Validity of several ++operators on the same line

[Kufa]

Hello,

I am wondering of the validity of those lines, not meaning i'm using
them, but i cant point out in the norm if they are legal, and in such a
case the expected behaviour.

int a = 2;
int b = (++a) * ((++a)+2);
printf( "%d %d", ++b, ++b );


They compiled in Commeau, but that doesn't mean it's legal
Any help or suggestion is welcome!
Thanks,

/kufa

 

[Kai-Uwe Bux]

I am wondering of the validity of those lines, not meaning i'm using
them, but i cant point out in the norm if they are legal, and in such a
case the expected behaviour.

int a = 2;
int b = (++a) * ((++a)+2);
printf( "%d %d", ++b, ++b );

The behavior is undefined as per clause [5/4] of the standard.


Best

Kai-Uwe Bux

 

[=?iso-8859-1?q?Erik_Wikstr=F6m?=]

Hello,

I am wondering of the validity of those lines, not meaning i'm using
them, but i cant point out in the norm if they are legal, and in such a
case the expected behaviour.

int a = 2;
int b = (++a) * ((++a)+2);
printf( "%d %d", ++b, ++b );

They compiled in Commeau, but that doesn't mean it's legal
Any help or suggestion is welcome!

No, they are not legal. If in doubt just try to evaluate the expression
in your head. Remember that there are no rules that say the just
because A comes before B in an expression A will be evaluated first.

 

[Kufa]

No, they are not legal. If in doubt just try to evaluate the expression
in your head. Remember that there are no rules that say the just
because A comes before B in an expression A will be evaluated first.

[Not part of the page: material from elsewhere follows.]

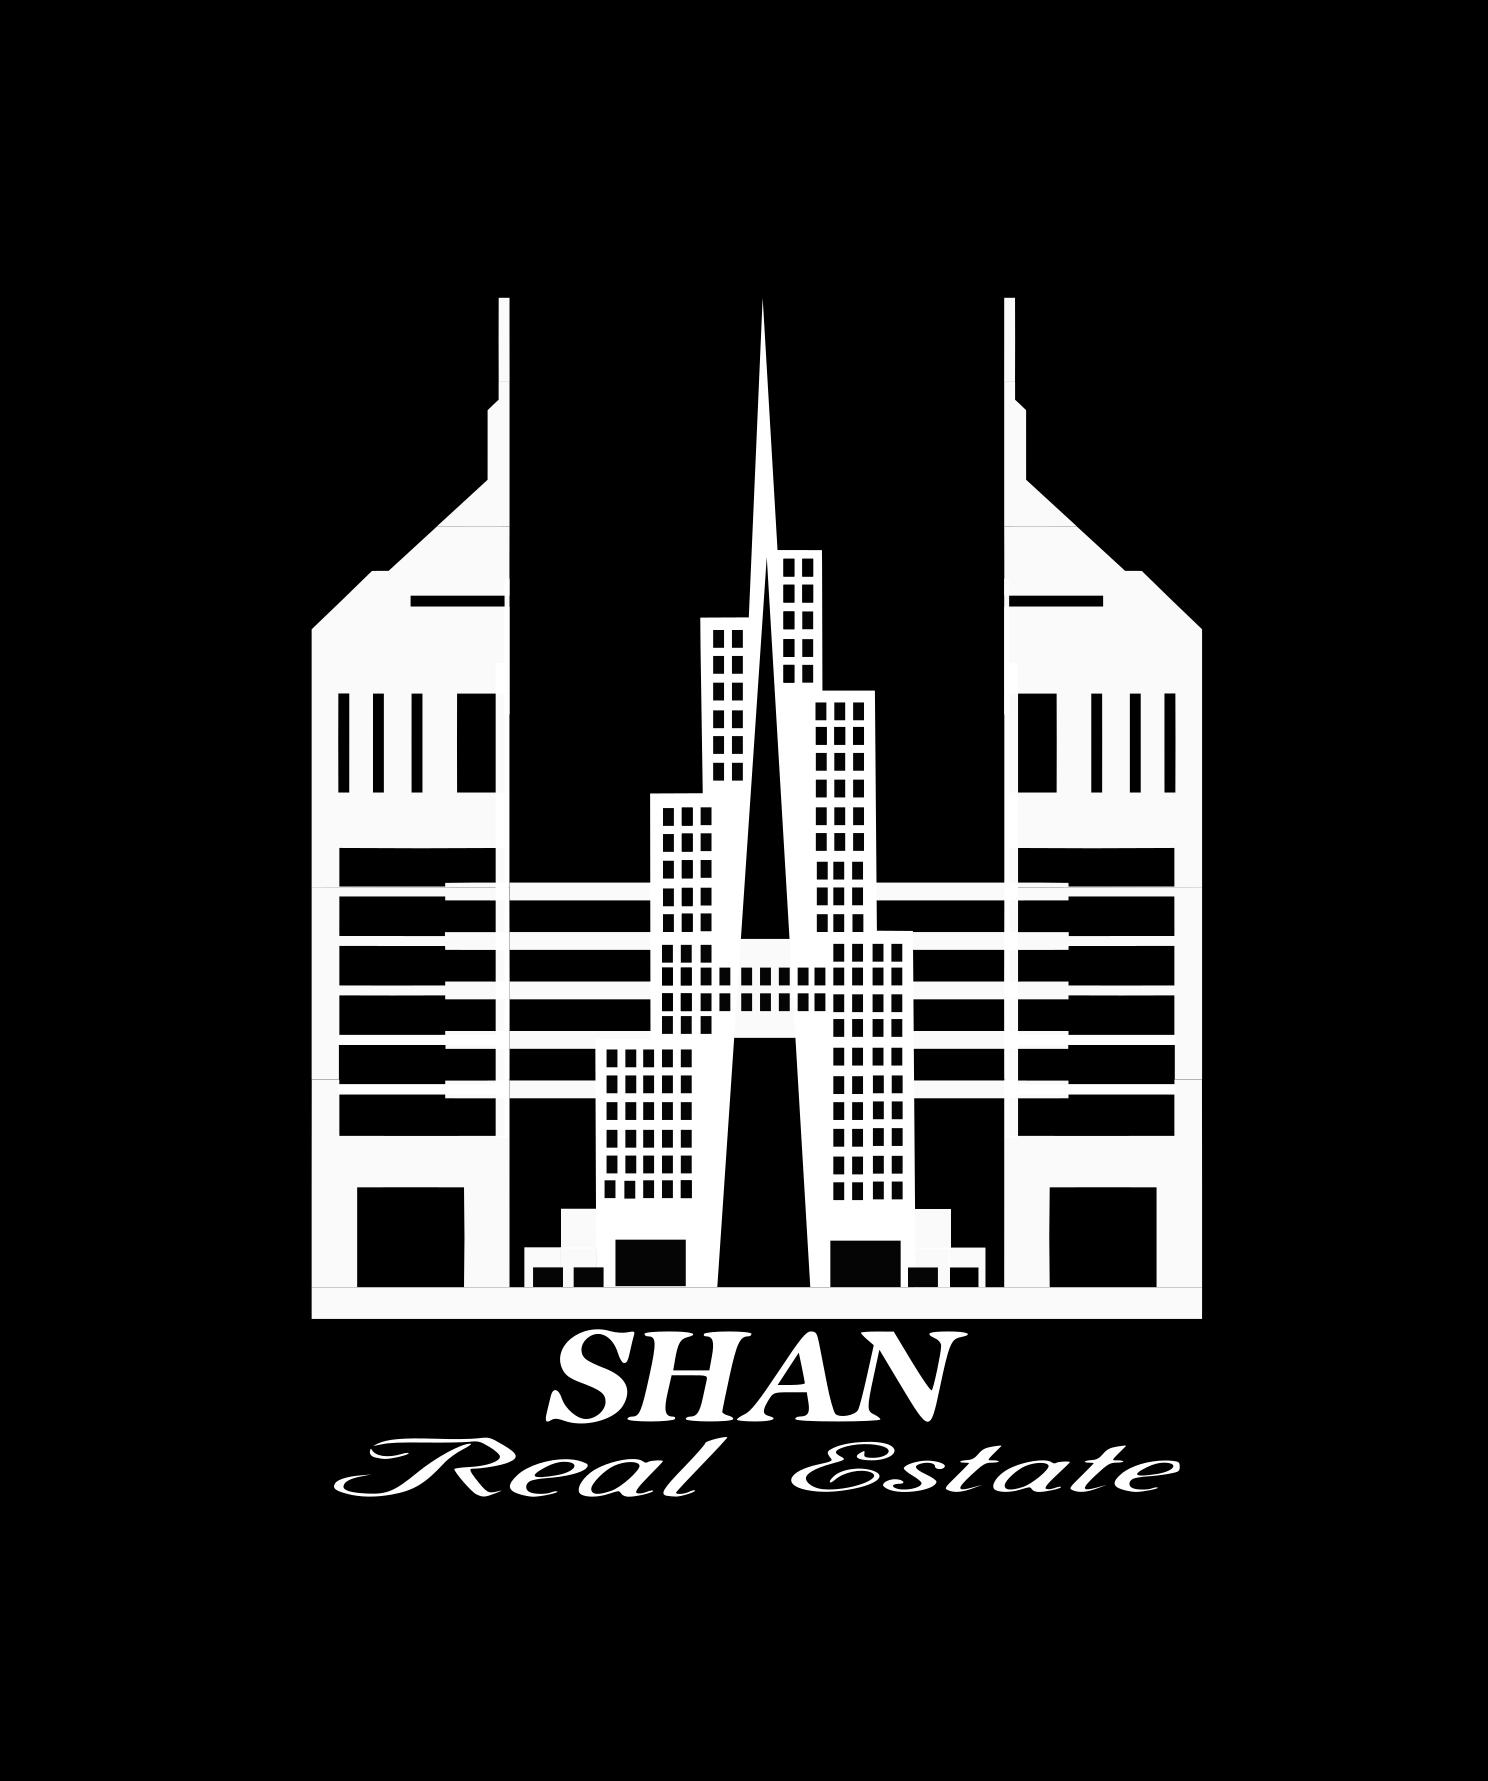 Логотип для агенство недвижемоти ШАН в Эмиратах. фото f_7665b77cccf35dac.png

Well i'd think this is legal with undefined behaviour. Can you point me
somewhere in the norm that'd say it's not legal, really can't find
anything.

Thanks,

/kUfa

 

[Rolf Magnus]

Hello,

I am wondering of the validity of those lines, not meaning i'm using
them, but i cant point out in the norm if they are legal, and in such a
case the expected behaviour.

int a = 2;

int b = (++a) * ((++a)+2);

This one has undefined behavior, because a is modified twice without a
sequence point in between.

printf( "%d %d", ++b, ++b );

Undefined too, similar to the previous one.

They compiled in Commeau, but that doesn't mean it's legal

Well, it's not a syntacital error. A compiler doesn't need to complain about
it.

 

[Kufa]

So to sum up and check i did not misunderstand you, it's legal, but
undefined behaviour ?

Thanks for your answers!

/Kufa

 

[Andre Kostur]

So to sum up and check i did not misunderstand you, it's legal, but
undefined behaviour ?

That depends on what you define as "legal". In my definition, "legal" code
doesn't invoke Undefined Behaviour. If by "legal" you mean "syntactically
correct", then yes it's legal.

 

[red floyd]

So to sum up and check i did not misunderstand you, it's legal, but
undefined behaviour ?

Thanks for your answers!

/Kufa

Kai-Uwe Bux already told you where to look in the standard. 5/4.

If you are unfamiliar with that notation, it means paragraph 4 of
section 5, not section 5.4.

 

[Noah Roberts]

Well i'd think this is legal with undefined behaviour.

"Undefined behavior" means the program is not well formed, hense
illegal.

 

[Pete Becker]

"Undefined behavior" means the program is not well formed, hense
illegal.

Does that mean I'll be arrested for writing code like that?

Seriously, according to the standard, programs are well-formed or
ill-formed, and some well-formed programs have undefined behavior. It
doesn't say anything about legal or illegal. As always, using undefined
terms leads to confusion.

--

-- Pete
Roundhouse Consulting, Ltd. (www.versatilecoding.com)
Author of "The Standard C++ Library Extensions: a Tutorial and
Reference." (www.petebecker.com/tr1book)

 

[Ron Natalie]

"Undefined behavior" means the program is not well formed, hense
illegal.

Nope, "undefined behavior" does not mean the program is not well
formed. An ill-formed program requires a diagnostic. UB does
not.

 

[Ivan Novick]

So to sum up and check i did not misunderstand you, it's legal, but
undefined behaviour ?

Thanks for your answers!

/Kufa

To sum up, if you write code that changes the same variable twice on the
same line you are not guaranteed what the code will do. i.e. its code
that should not be written. Also if you add -Wall to your gcc compile
it will warn you against doing this.